A military mother and grandmother, Dr. Biden added: “We have an all-volunteer force—and it continues only because generations of Americans see the honor, dignity, and patriotism of military service.  How can we hope to keep our military strong if we don’t give our families, survivors, and caregivers what they need to thrive? That’s what Joining Forces is about.”

Guided by the life experiences and the perspectives voiced during in-person and virtual listening sessions with military families and stakeholders, the work and priorities of Joining Forces will center on the needs of military families in the areas of: Employment and Entrepreneurship; Military Child Education; and Health and Well-Being.

Employment and Entrepreneurship:  The Department of Defense’s 2019 Active Duty Spouses Survey indicates, even pre-pandemic, a military spouse unemployment rate of approximately 22%.  Frequent moves and transfers, state licensing requirements, child care (costs, long waitlists for on-base providers, and lack of access to off-base providers), caregiving, and deployments, all contribute to the unique challenges military spouses face to building sustainable and long-term careers. Joining Forces will work with government at all levels and the non-profit and private sectors to mitigate these challenges and drive economic opportunities. We will work with employers to create more flexible, transferable, and remote job opportunities for military spouses, as well as increasing resources for those interested in entrepreneurial endeavors. We will also ensure that military families are included in the administration’s overall policies aimed at improving economic security for all families.

Military Child Education:  There are more than 2 million children in classrooms in the United States whose parents are active-duty military service members, National Guard or reservists, or military veterans.  Military life can be unpredictable: these children often experience multiple moves, extended separation from family members, and increased fear for their parents’ safety during deployments.  We must understand and account for the lifelong impact of service on military-connected children and ensure that children in veteran families, caregiving families, and surviving families will also be included in the initiative’s work.  We also recognize that military children with disabilities, including those enrolled in DOD’s Exceptional Family Member Program, face additional challenges with changes of duty station.  Joining Forces will advance programming to support military-connected children in their classrooms, and help ease the burdens created by the highly mobile military lifestyle.

Health and Well-Being: Supporting the overall physical, social, and emotional health of military families is a national security imperative.  While our country lauds the strength and resilience of military families, it is critical to acknowledge that they too shoulder the weight of the past 20 years of sustained warfare. Members of military families and caregivers may experience mental health challenges like depression, anxiety, and substance abuse.  Caregiving for a wounded, ill, or injured family member can have an outsized impact on a caregiver’s health, financial stability, and economic security. Additionally, some military families report a lack of consistent access to enough food to live an active, healthy lifestyle.  The global pandemic over the past year has intensified these stressors.

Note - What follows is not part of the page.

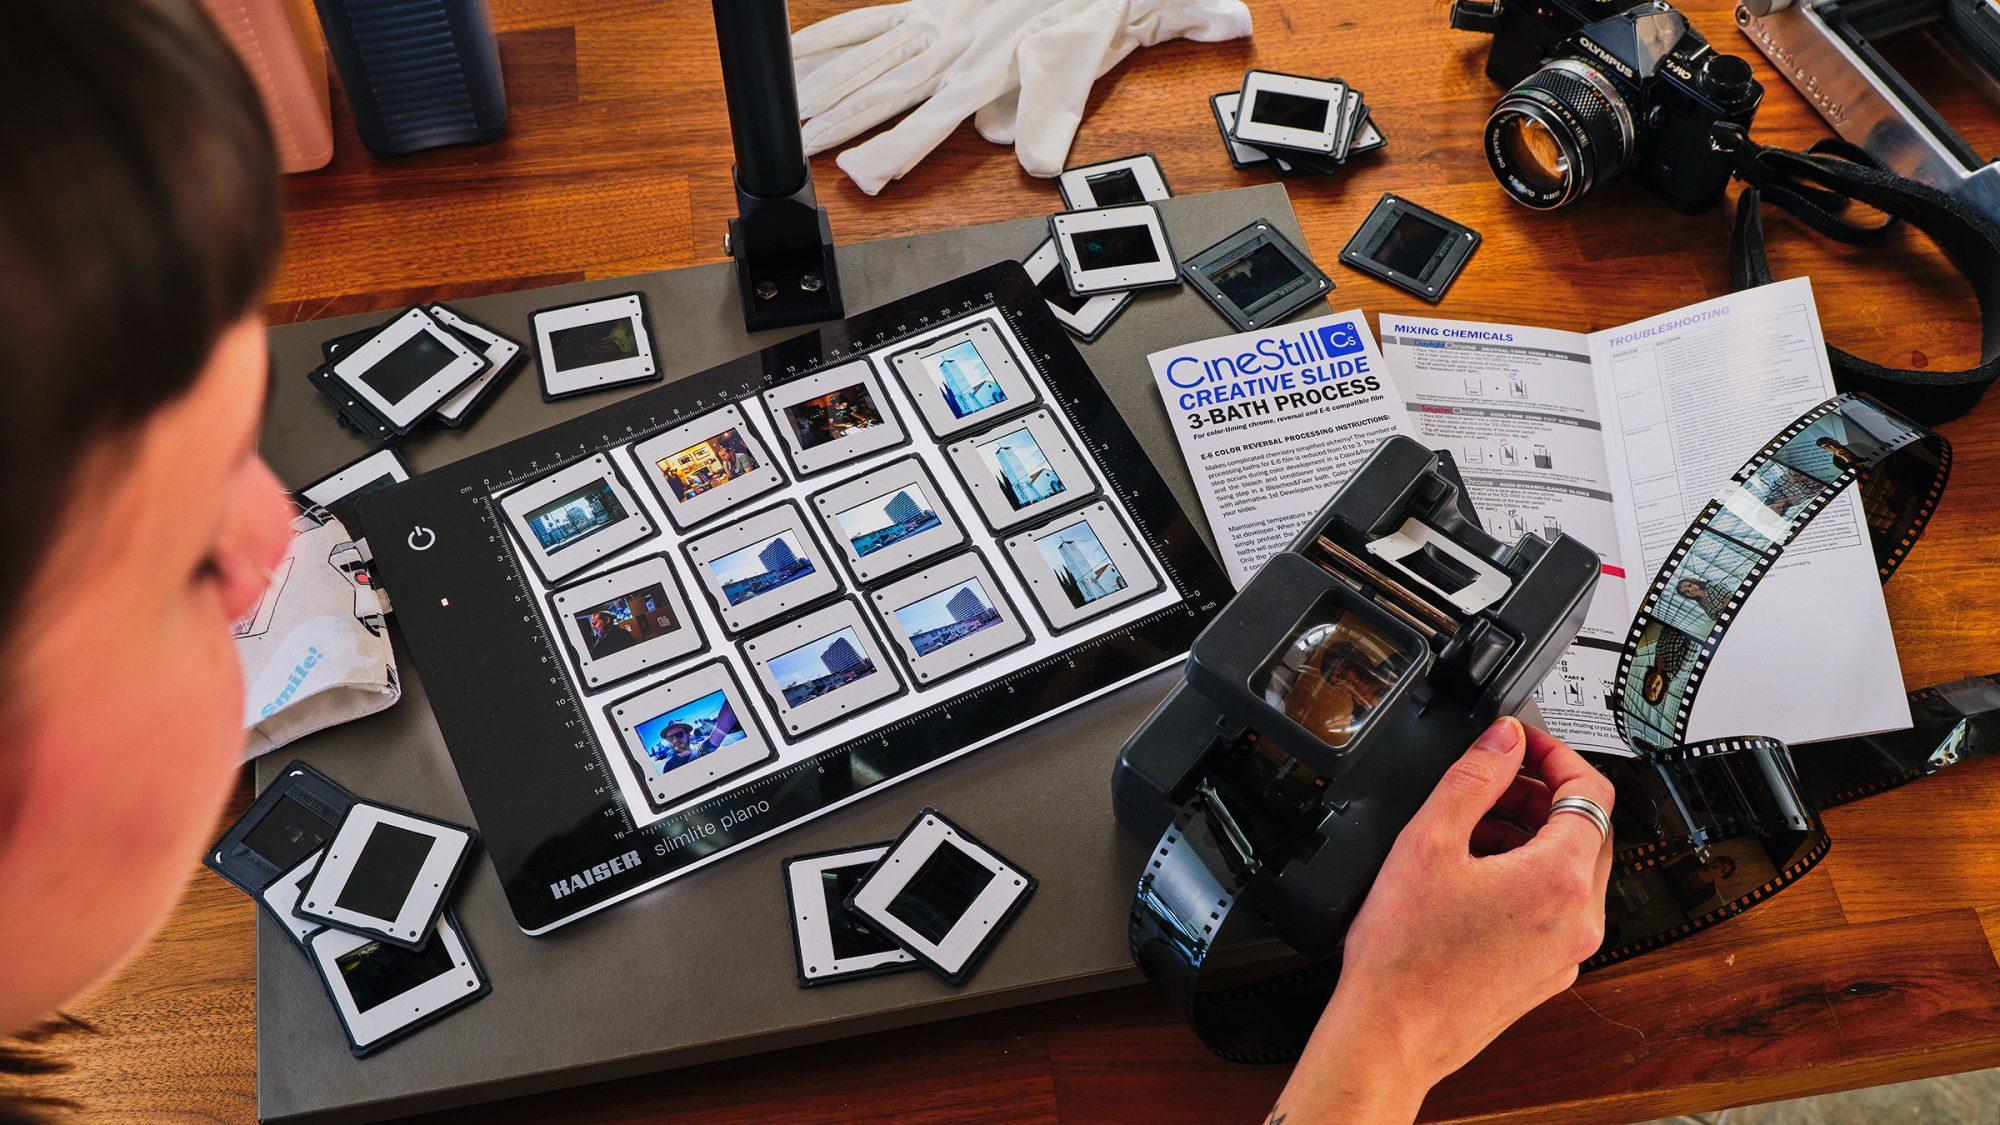 E6 films and camera (Pic: Cinestill)

We will also work closely with service providers in the civilian community to ensure they have the knowledge and tools to effectively support military and veteran families, caregivers, and survivors.

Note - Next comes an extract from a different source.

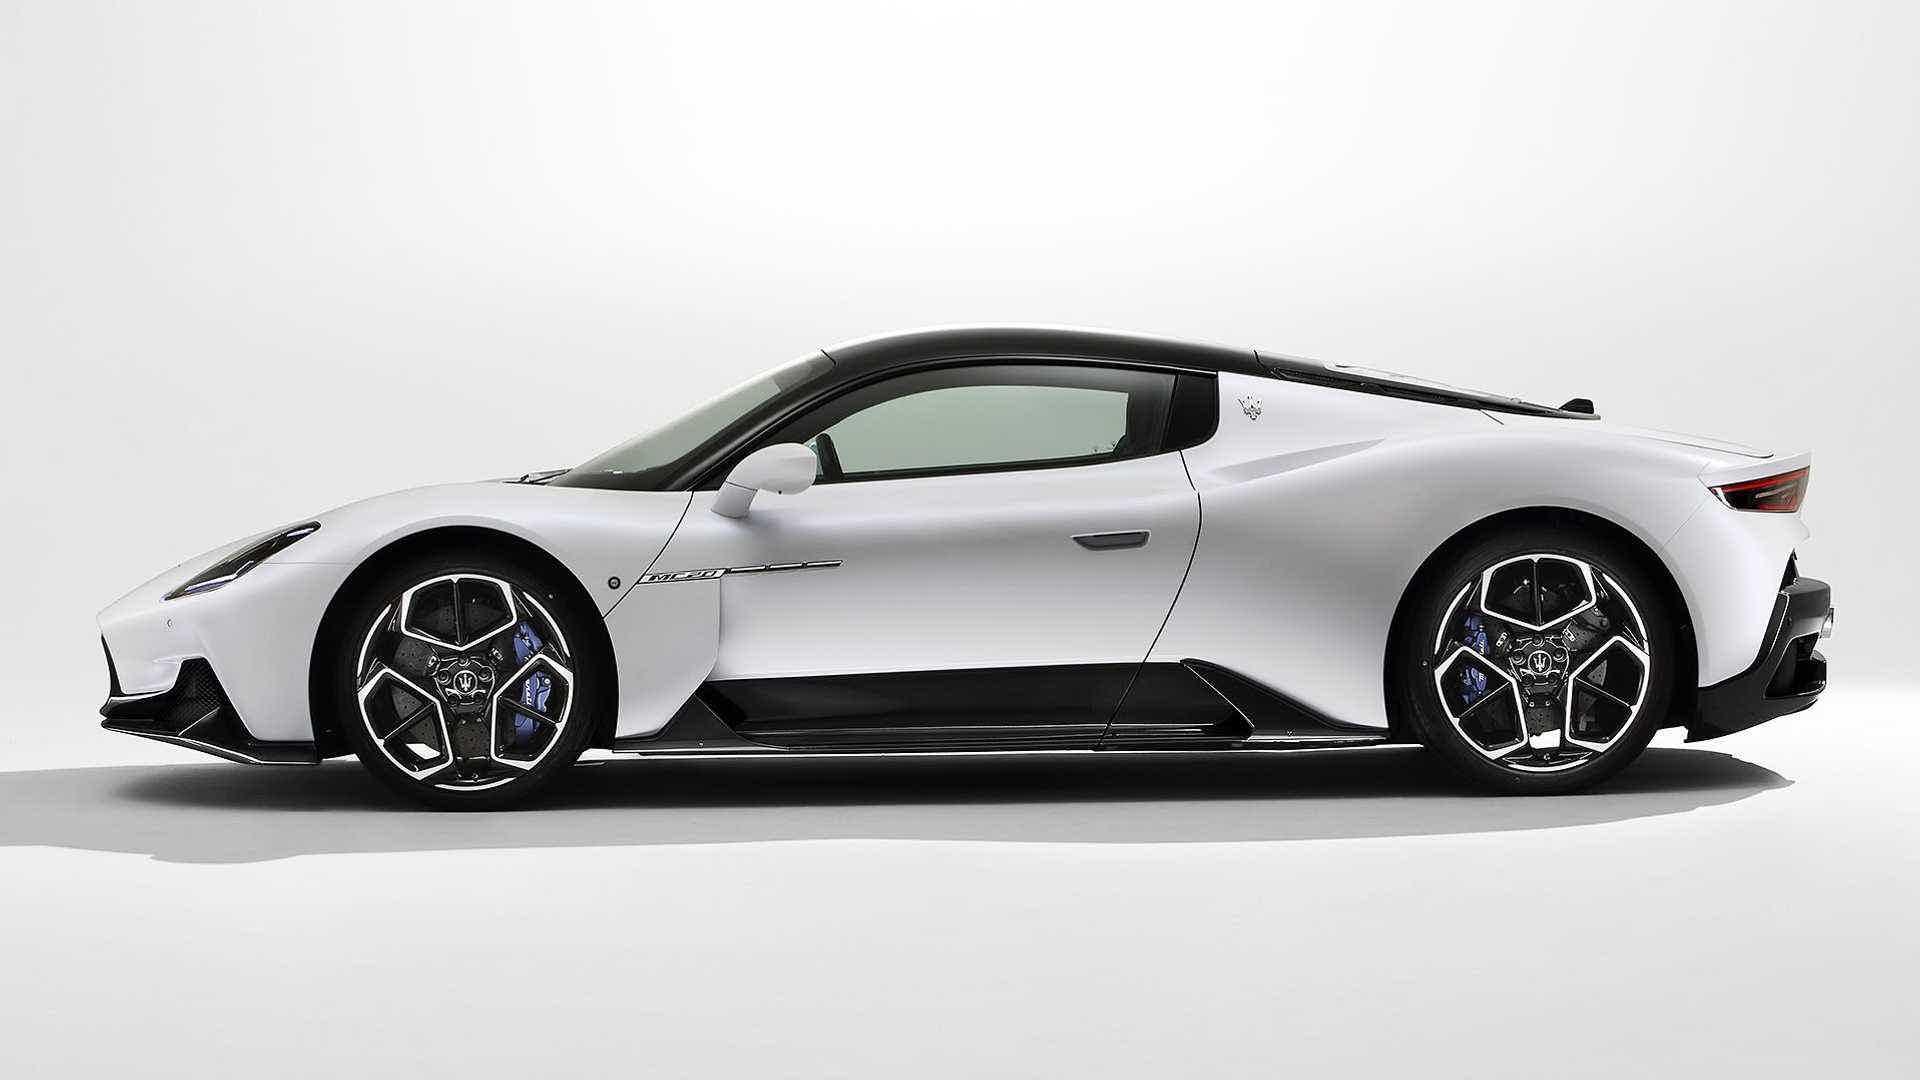 Design Maserati MC20

Going forward, Joining Forces will convene and collaborate with federal agency partners, non-profit organizations, corporate stakeholders, and service providers to develop comprehensive, meaningful, and long-term solutions to address the holistic well-being of military and veteran families, caregivers, and survivors.  We will work to understand where gaps in support exist, while also improving access to available resources.  Additionally, Joining Forces will call on all Americans to support and harness the special skills, strengths, and experiences of military families.